Knowledge embedding and interpretable machine learning optimizes comprehensive benefits for water treatment

Aggregation dynamics and knowledge embedding

There is a quantitative relationship between flocculants and granules, and in aggregation dynamics, collision collisions of particles can be obtained from two sources. (2) The impact and aggregation of particles caused by fluid motion from hydraulic or mechanical agitation is called corrective aggregation (Text S2). The detailed process is explained in text S1 and text S2. As particle size increases, the surrounding aggregation itself is not affected by particle size, but the effect of Brownian motion decreases. Correct aggregation is also necessary to further promote collision and aggregation of larger particles. For actual water bodies where surrounding and corrective coagulants coexist, the ratio of different collision types is uncertain. Furthermore, particle size (d) and collision efficiency ($\ eta $) It also depends on changes in water quality (text S1, text S2).
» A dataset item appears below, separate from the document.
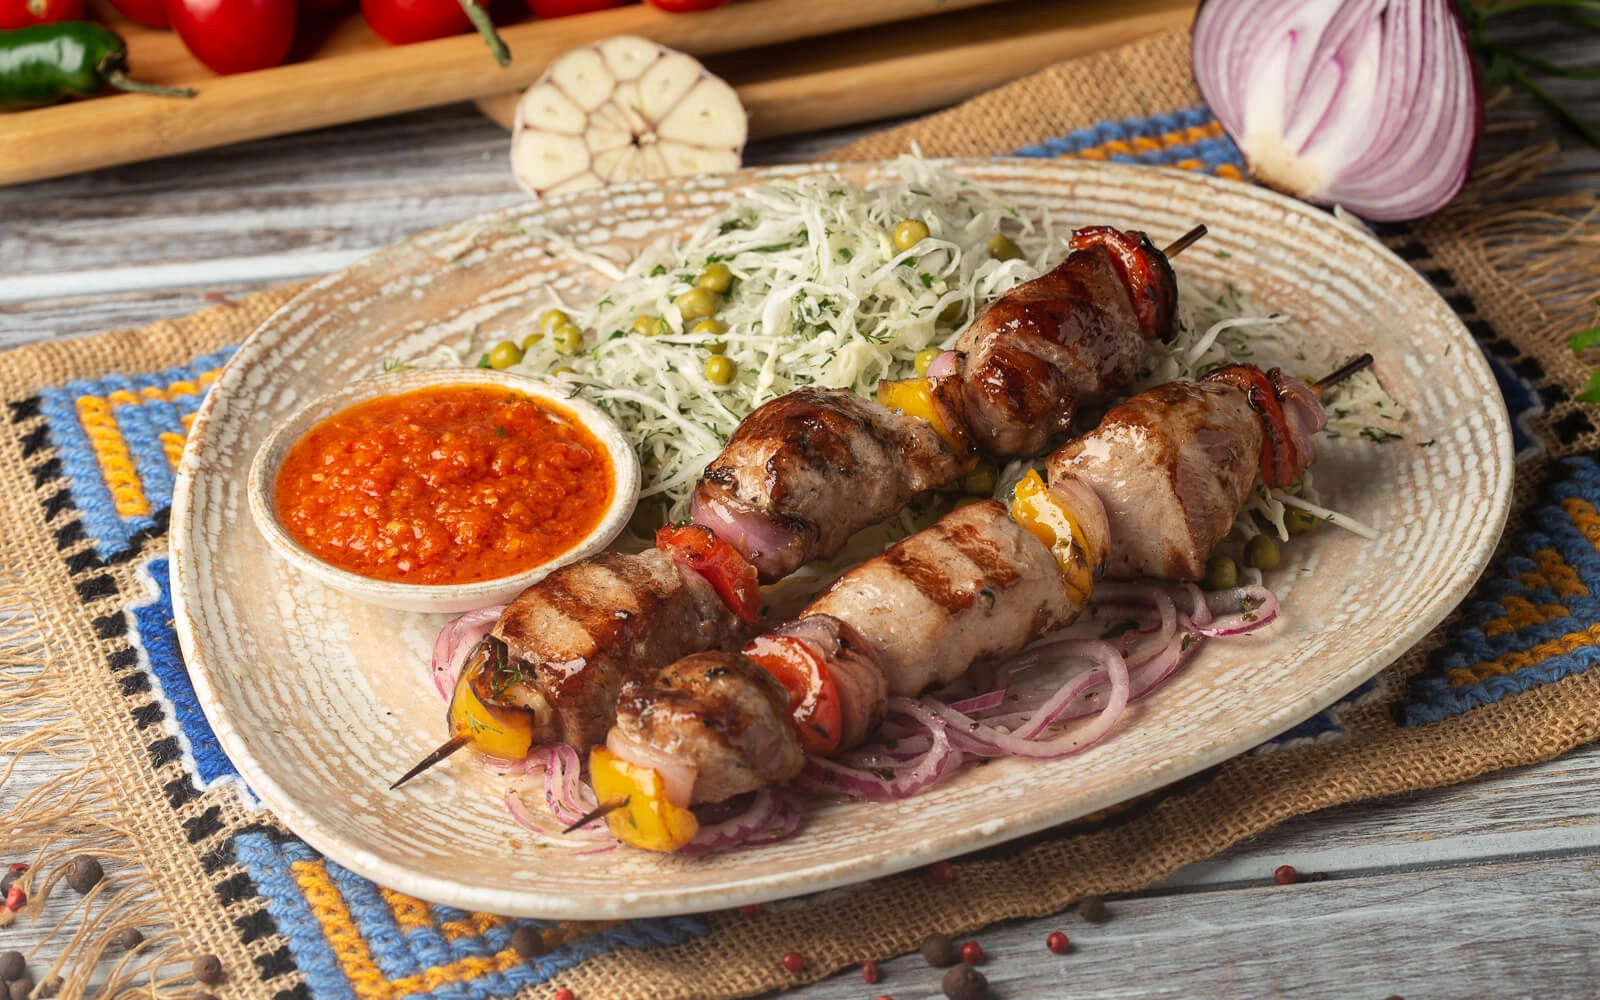 Pork kebab with salad and adjika

Therefore, although the exact dosage cannot be explained in quantitative formulas, it is suitable for learning nonlinear relations via ML. The type of data collected should include water quality indicators for different sections of the complete process.

How to embed environmental knowledge in models and increase the interpretability of models is key to research. This study also examined economic benefits and energy consumption. The logic chain of the aggregation process was used as a change in the rate of co-rate of the flocculant addition ➝ changes in particle aggregation ➝ changes in water quality in the aggregation section, therefore, seven economically relevant indicators (four power indicators and three economic indicators recorded by the central server were used as constraints rather than as independent variables to optimize the model parameters used in the training phase. time_n And after the aggregation segment time_n-1 Used as an independent variable and as a metric after aggregation segment time_n It is used as a constraint. The change value feature is calculated in real time by a central server, along with the results of online monitoring.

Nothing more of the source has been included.